Speaking to Tribune Business, Mr Sears said hotel-based casinos at Atlantis and Baha Mar also received significant taxpayer subsidies – unlike their web shop counterparts – given that they were seen as critical tourist attractions and foreign exchange earners.

“How could you logically say preferential treatment of banks and IBCs, which are financial institutions, have to be removed and create a level plying field, but not appreciate casinos and gaming houses are financial institutions?” he queried.

“The same arguments are that casinos, owned by by taxpayers resident in their member countries, are being lured by low tax jurisdictions as a result of preferential, ring fenced tax regimes which the locals do not have access to. Is this not the same argument being applied to IBCs, banks, trust and insurance companies?
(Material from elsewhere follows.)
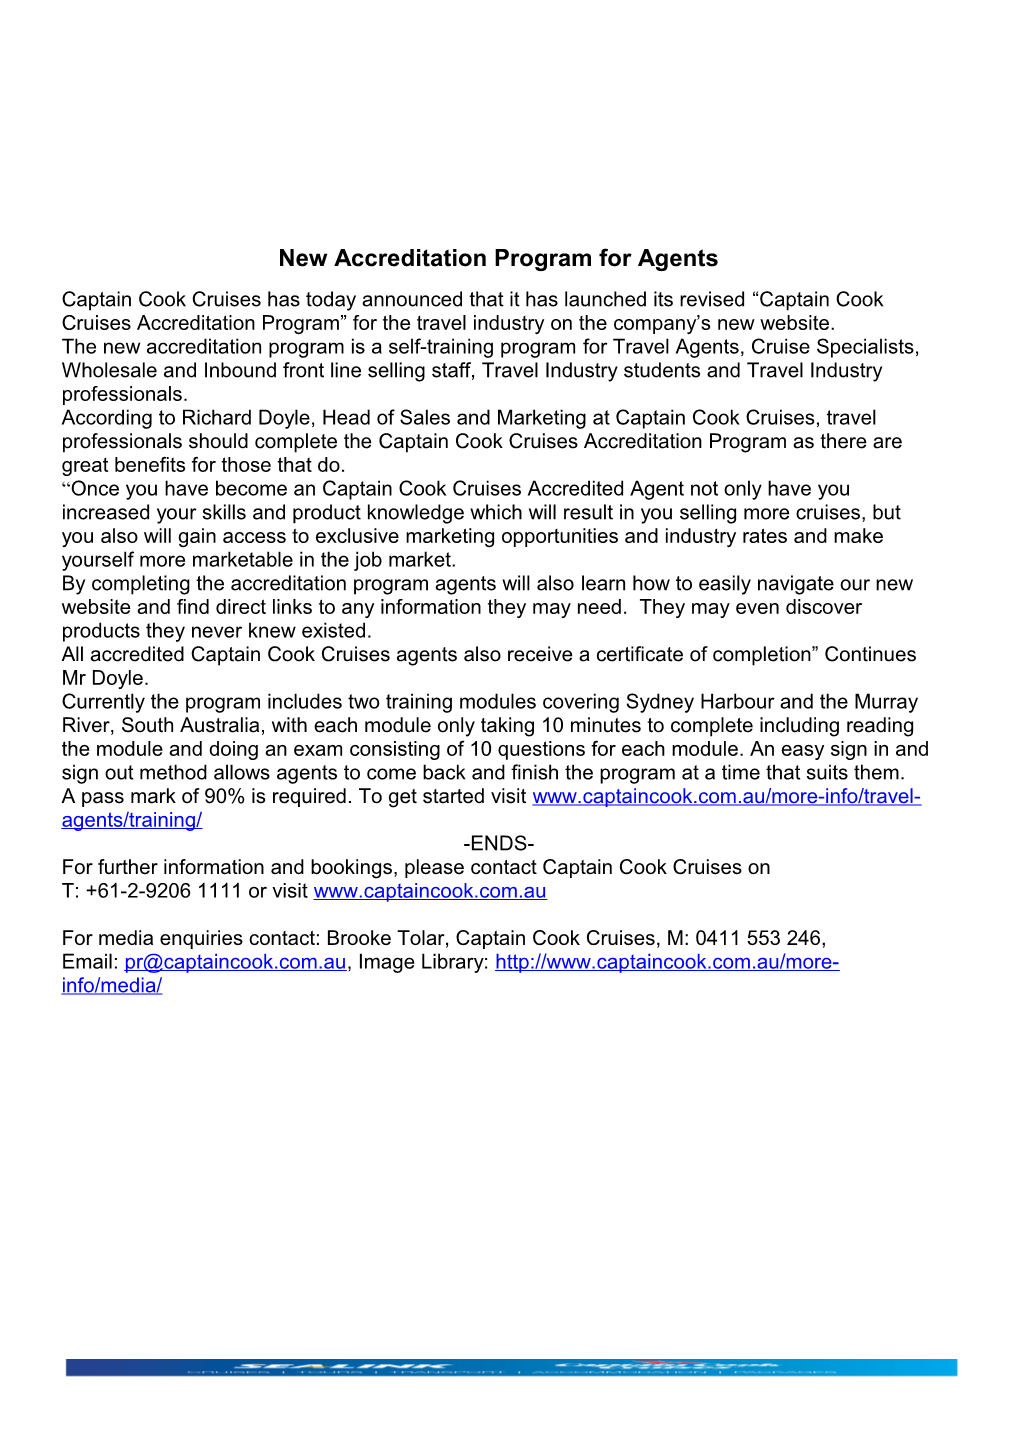 New Accreditation Program for Agents

I must be missing something in this whole scenario.”

The web shops’ case is based on what they allege is the lack of due process afforded to the industry over its introduction, and they view its new and increased rates as arbitrary, punitive and discriminatory.

Under this structure, web shops pay on each portion of their revenue:

• Up to $20 million in revenue, a rate of 20 per cent.

• Between $20 million and $40 million, a rate of 25 per cent.

• Between $40 million and $60 million, a rate of 30 per cent.

• Between $60 million and $80 million, a rate of 35 per cent.

• Between $80 million and $100 million, a rate of 40 per cent.

• Over $100 million, a rate of 50 per cent.

Five out of seven web shop operators fell solely in the lowest 20 percent category, while for a sixth, only a small portion of its revenue fell into the 25 percent category. Only Island Luck, the market leader, whose revenues will attract all tax rates.

The web shop industry and its consultants have also argued that The Bahamas is unique in levying a tax directly on patrons as opposed to the gaming house operators. However, the Government believes this is necessary to tackle the social ills caused by excessive gambling and help deter the industry’s growth.

Mr Sears, responding to Mr Bethel, said it was “curious” that the Attorney General was both negotiating through the media and not disclosing that he had been asked not to make “intemperate statements” about their talks.

“Playtech [Island Luck’s parent] has sought to engage the Attorney General in good faith settlement negotiations,” Mr Sears added. “We have sent a number of written settlement proposals to the Attorney General, supported by opinions of leading international gaming experts, on December 24, 2018; November 13, 2018; October 26, 2018.

“We have not received any substantive written response from, serious consideration of or engagement by the Attorney General on our clients’ settlement proposals. Rather than negotiating in good faith with gaming house operators, consistent with the undertaking that he gave to the Supreme Court, the Attorney General seems committed to deepening this unfair, inequitable and preferential tax treatment of entities in the same sector.

“There are grave interests at stake in this matter, with profound implications for the public revenue, the sustainability of Bahamian-owned gaming enterprises and the security of over 3,000 full-time jobs of Bahamian citizens which require our careful and fair conduct.”

Mr Sears told Tribune Business that Island Luck had hired multiple international gaming experts, all of whom had made written submissions, but the web shop had “not gotten one written response addressing anything we have put forward”.

He added: “We got an expert who said this was the only jurisdiction where you have a tax on customer deposits before any consumption. When you have a patron tax it’s usually on the winnings after the consumption.”